[[ DATA PROVIDED open ]]

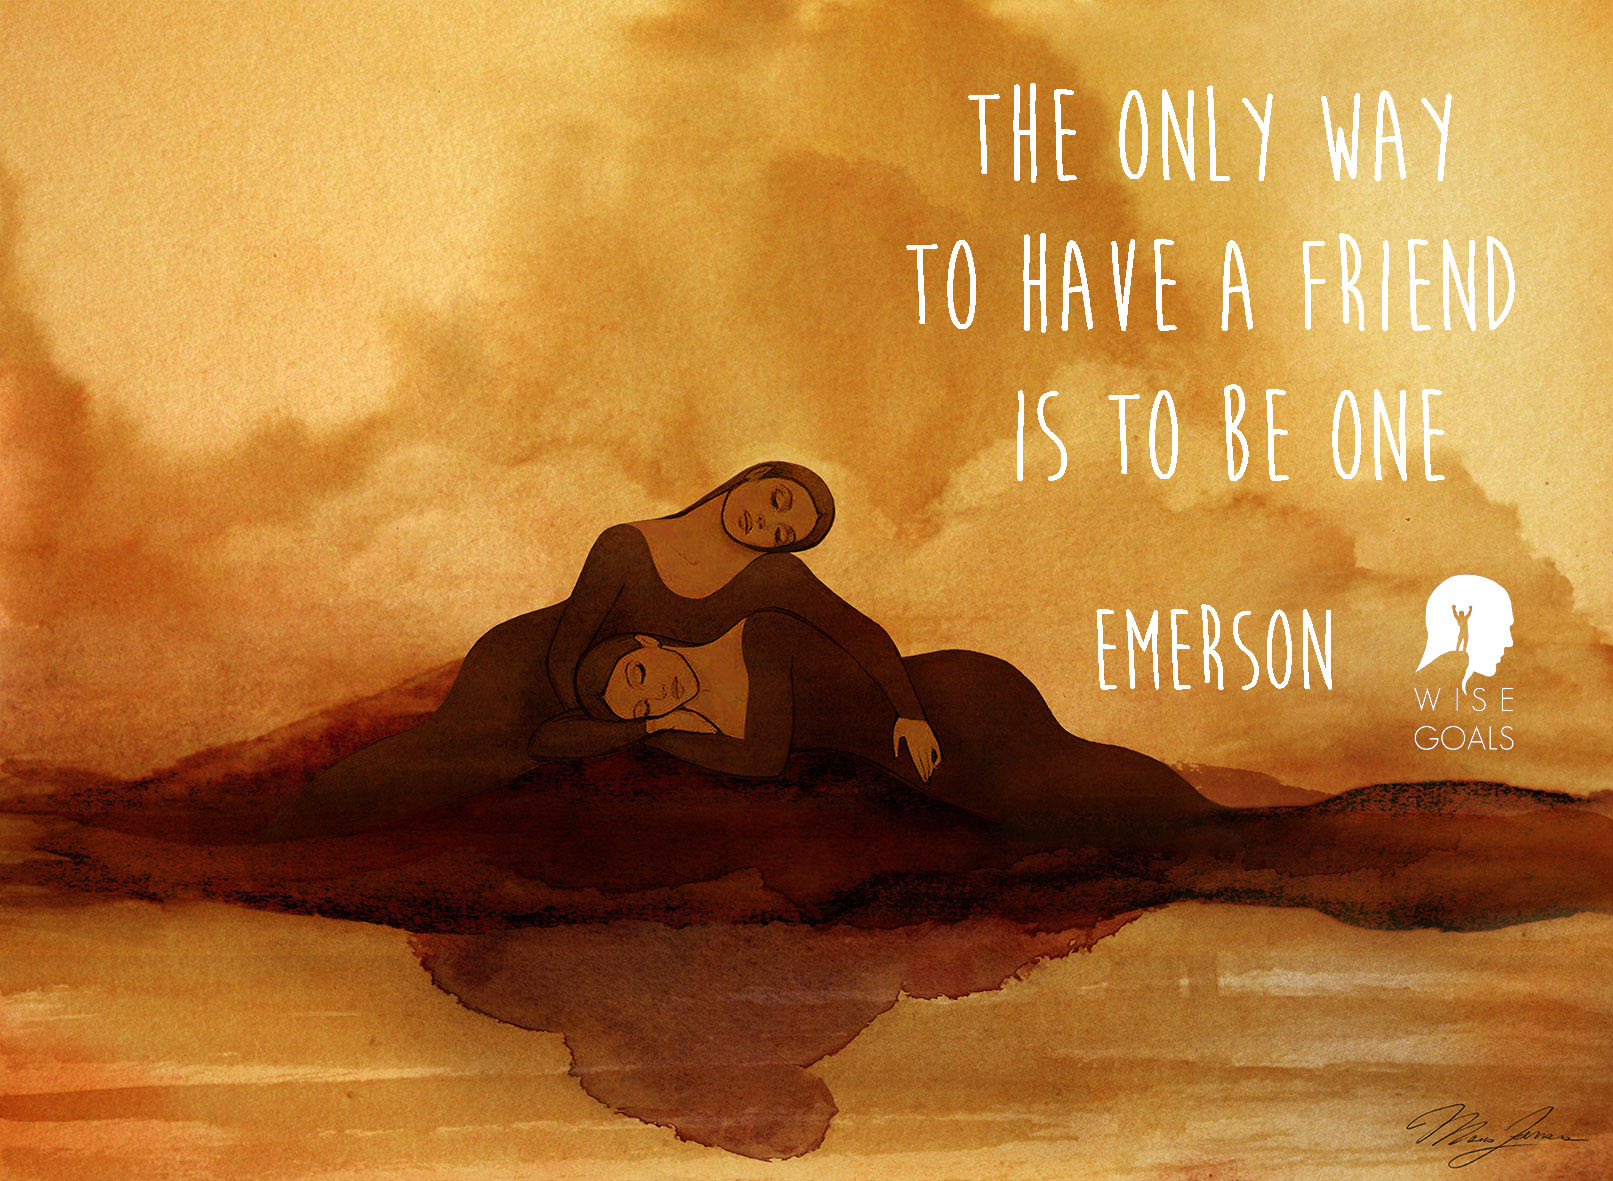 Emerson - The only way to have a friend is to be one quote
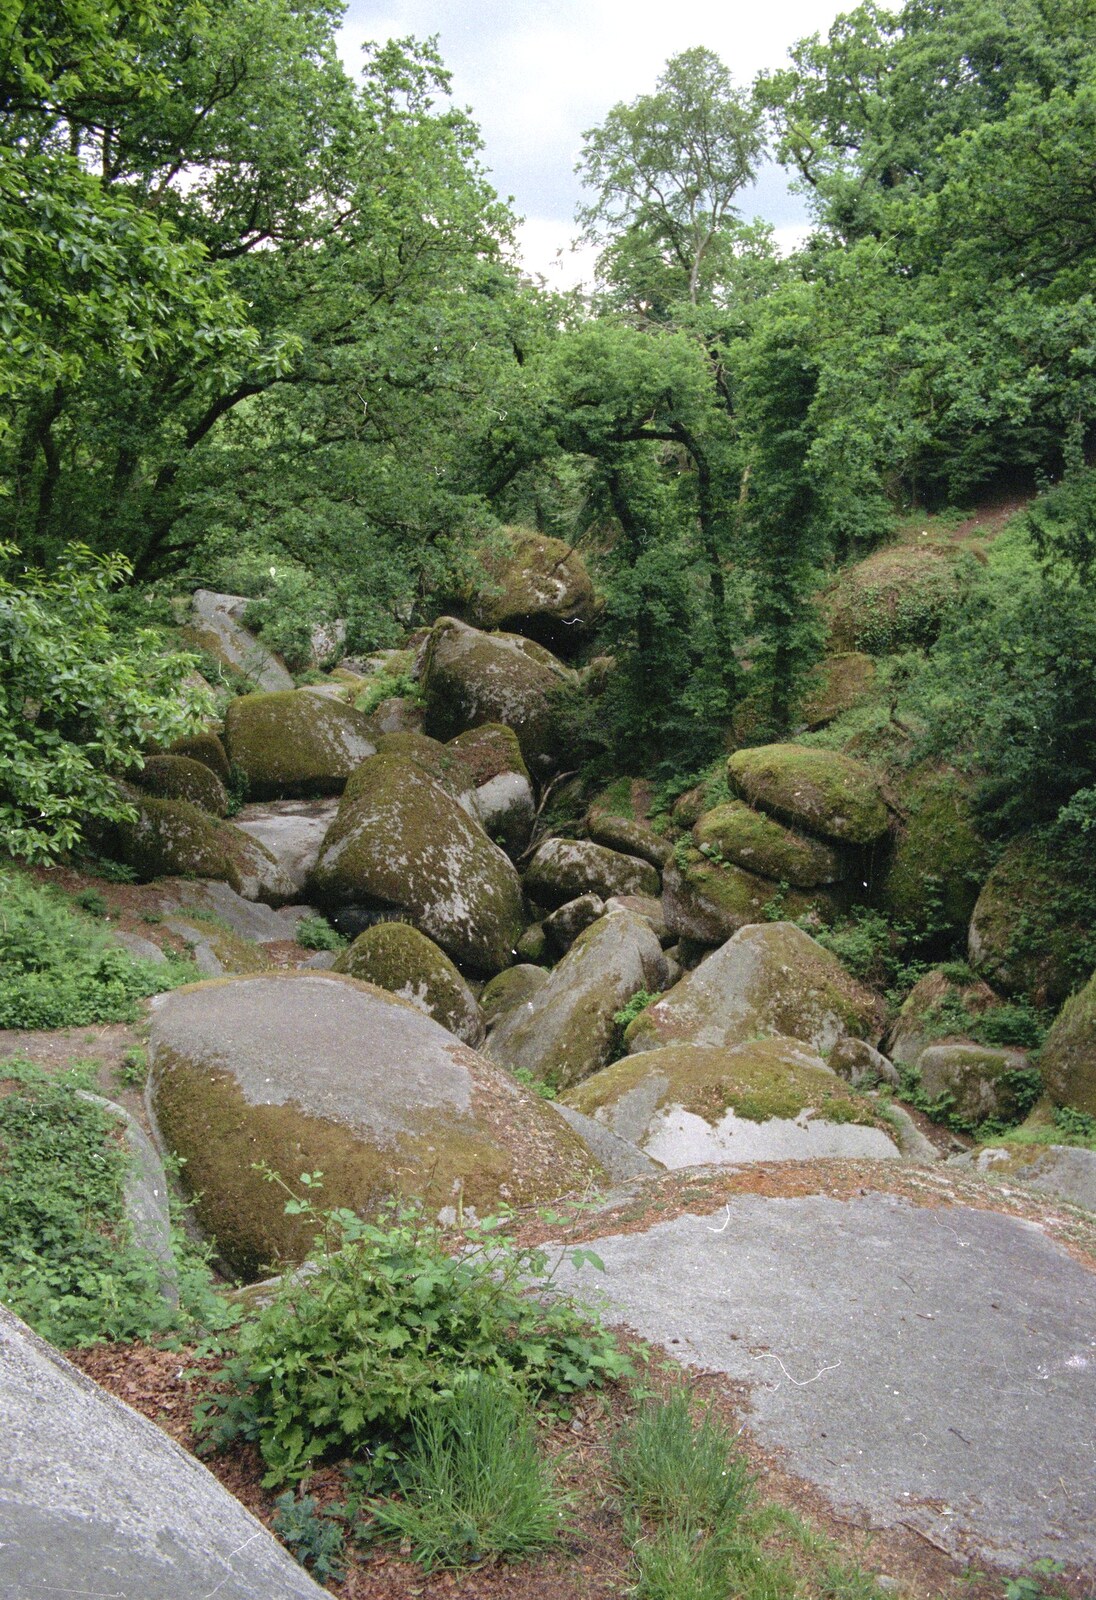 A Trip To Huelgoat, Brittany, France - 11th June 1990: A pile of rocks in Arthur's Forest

[[ DATA PROVIDED closed ]]
[[ DATA PROVIDED open ]]

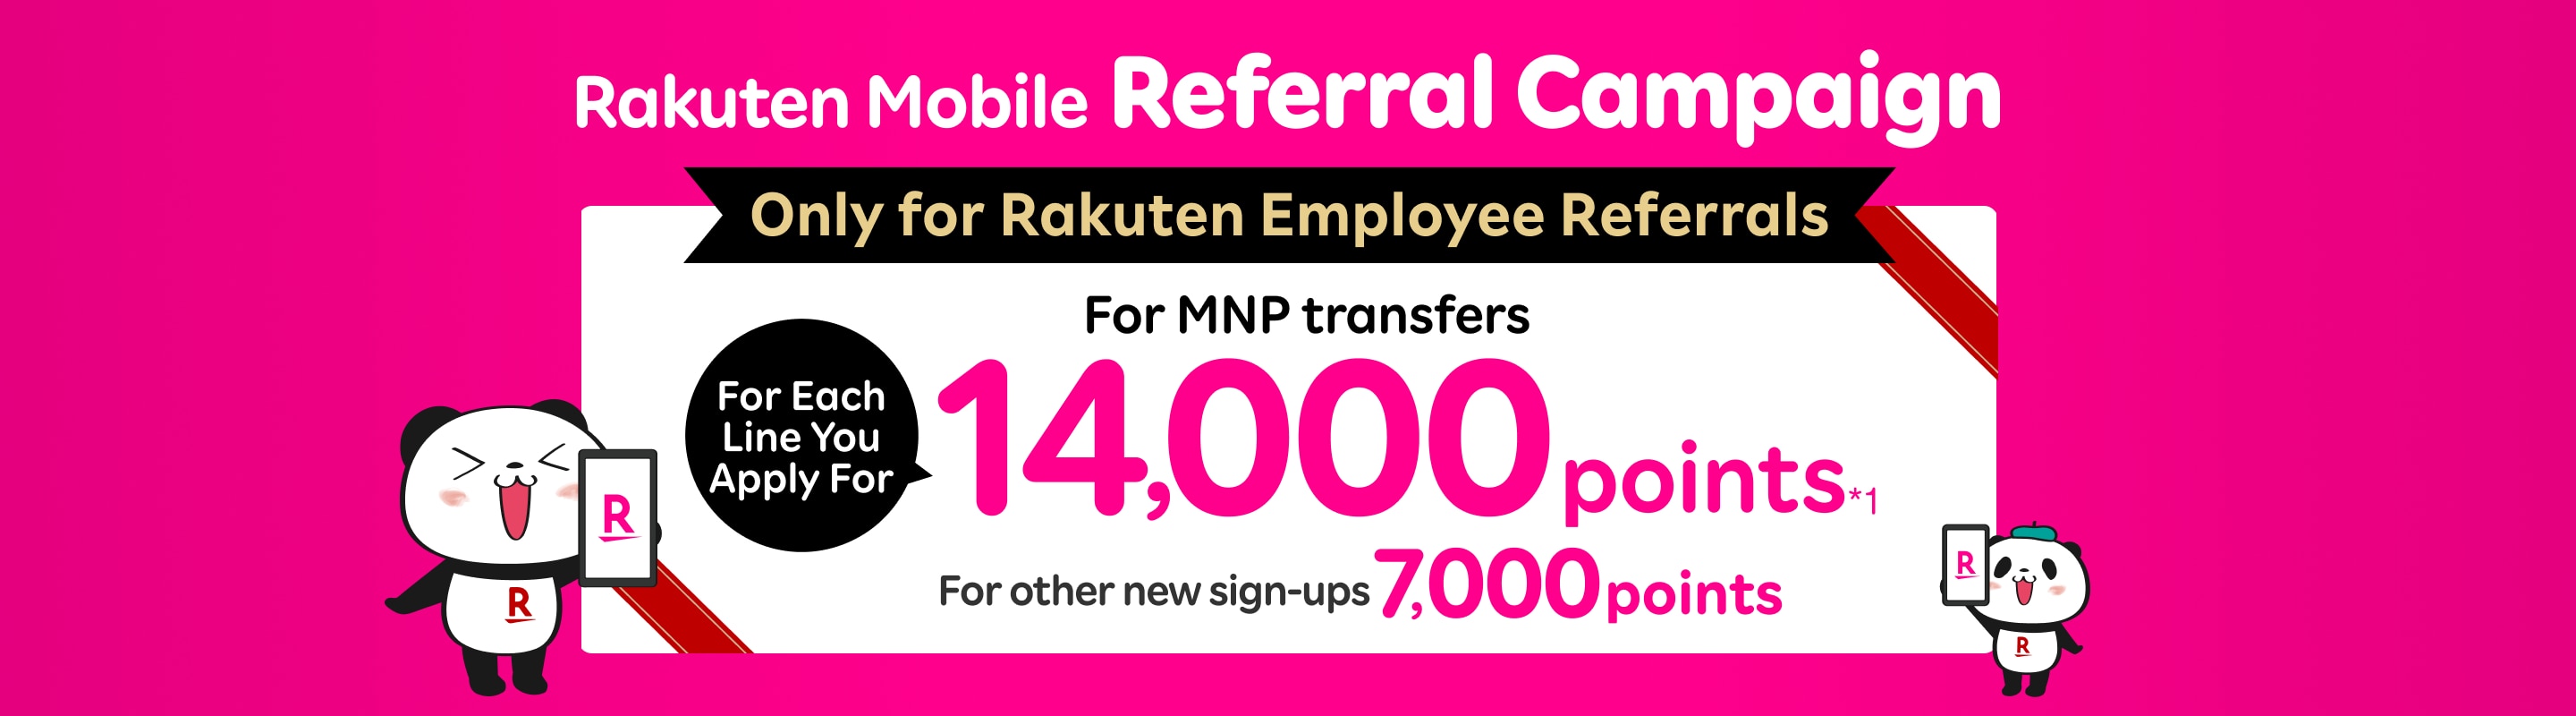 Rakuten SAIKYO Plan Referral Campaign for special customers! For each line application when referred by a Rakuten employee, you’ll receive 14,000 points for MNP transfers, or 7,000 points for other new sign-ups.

[[ DATA PROVIDED closed ]]
[[ DATA PROVIDED open ]]

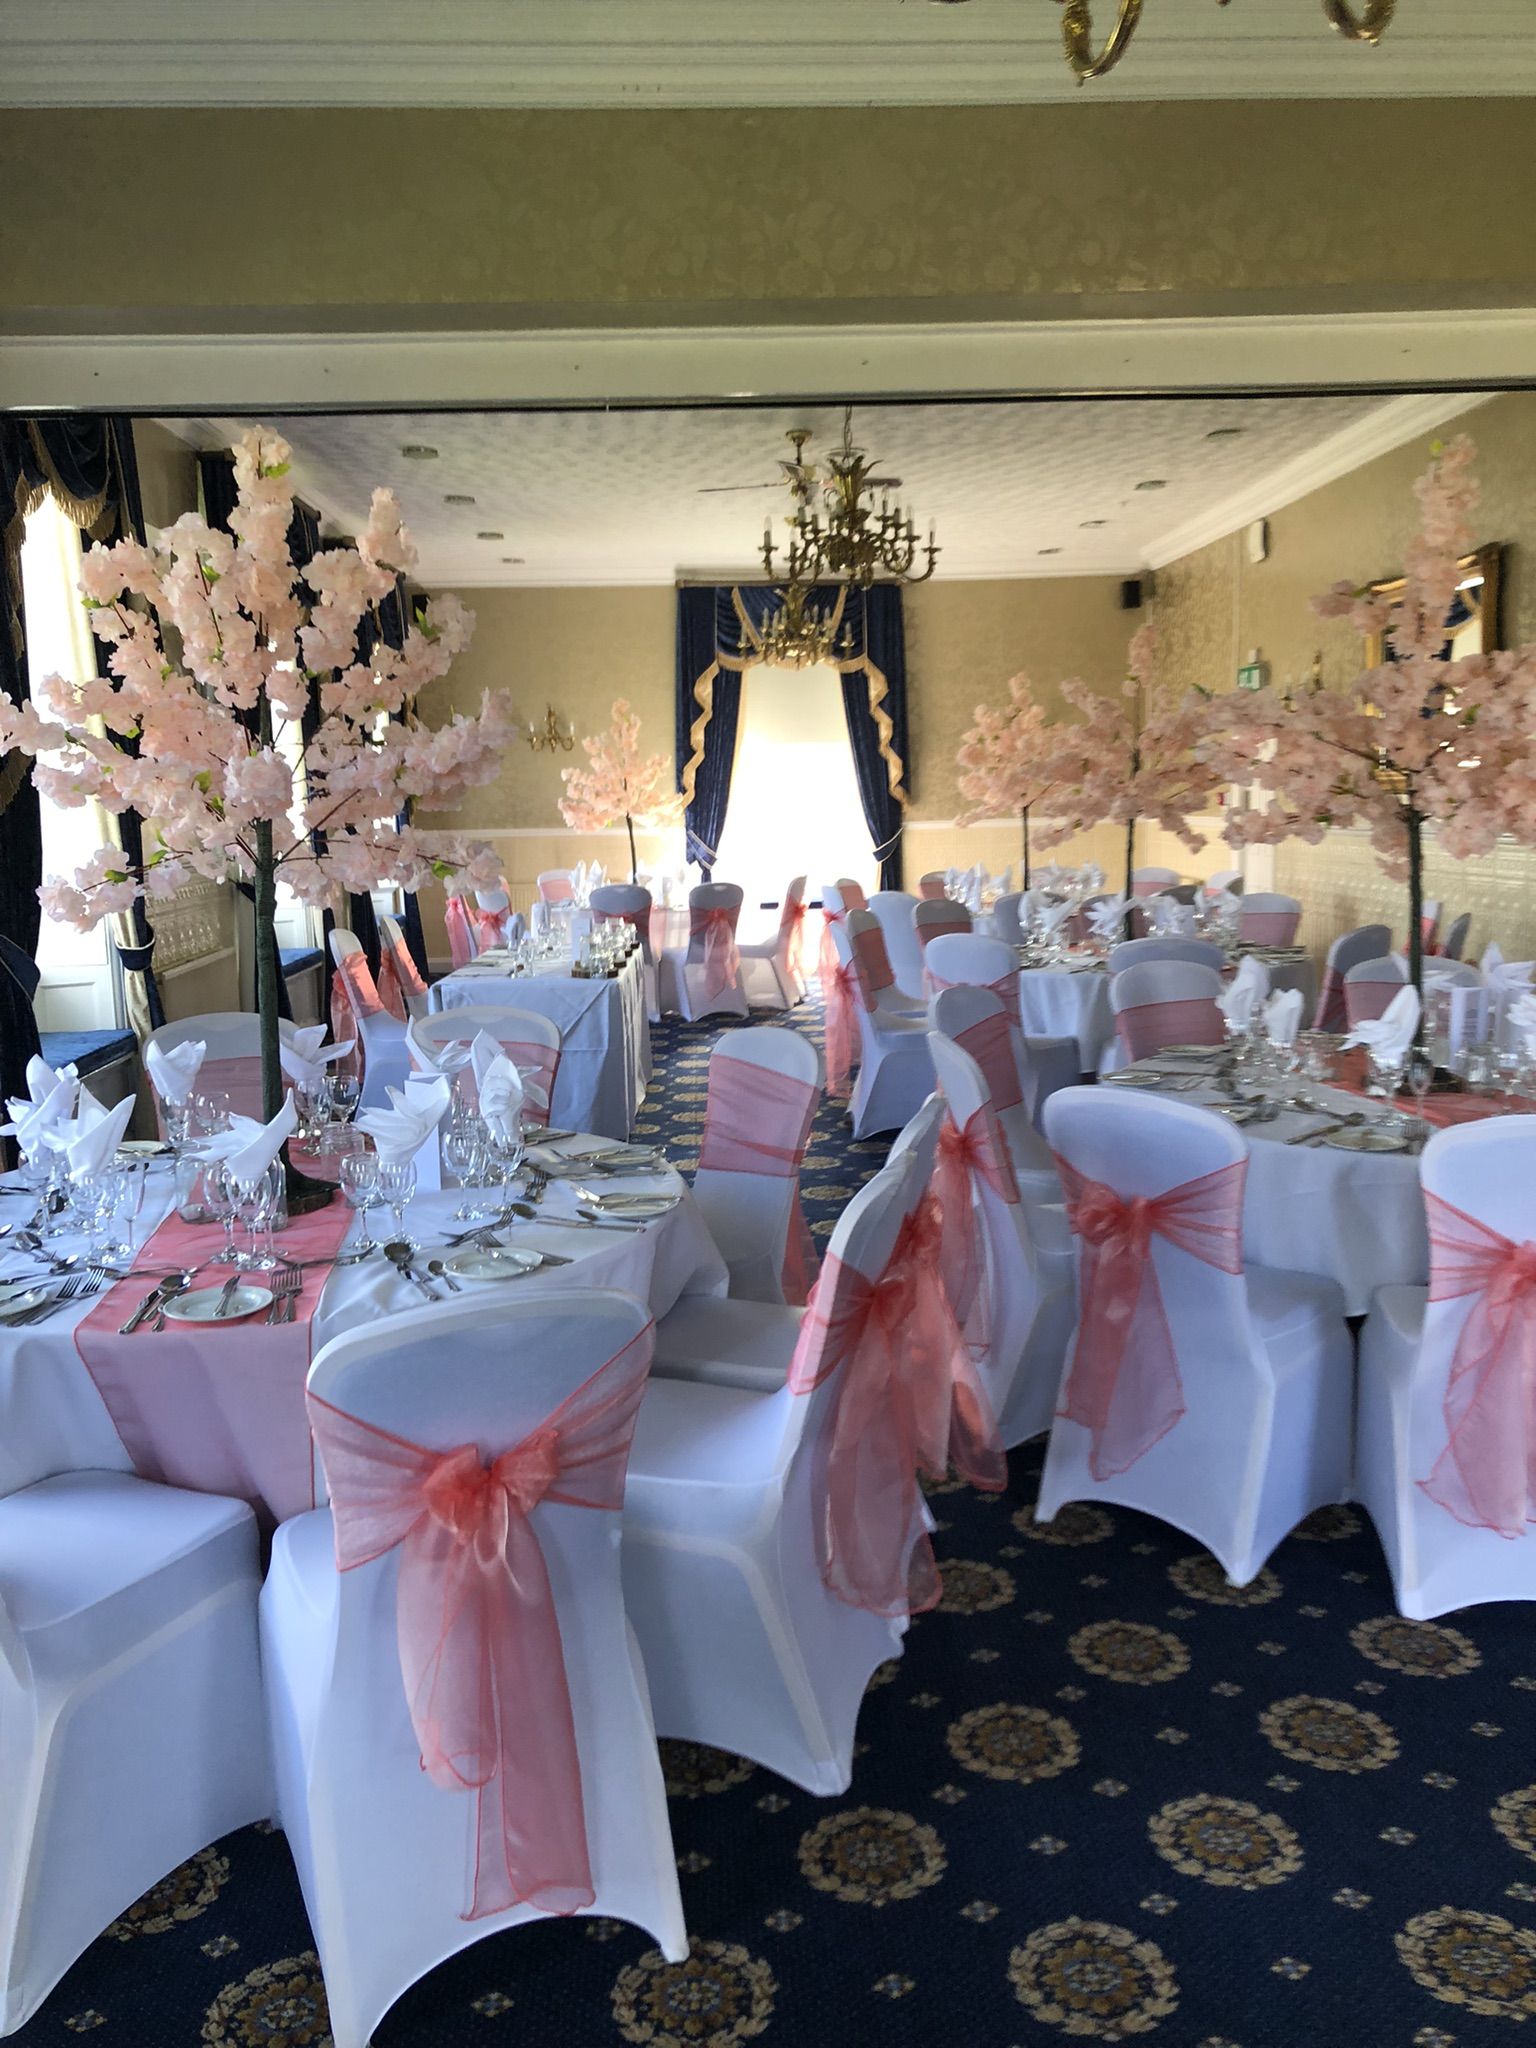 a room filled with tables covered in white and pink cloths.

[[ DATA PROVIDED closed ]]

● PROBLEM STATEMENT:
Your copy should hold the lines from the one with "Emerson - The" up to and including the one with "A Trip To Huelgoat, Brittany, France", exactly as in the data above, and no pictures.

● SOLUTION TO THIS PROBLEM:
 Emerson - The only way to have a friend is to be one quote
 A Trip To Huelgoat, Brittany, France - 11th June 1990: A pile of rocks in Arthur's Forest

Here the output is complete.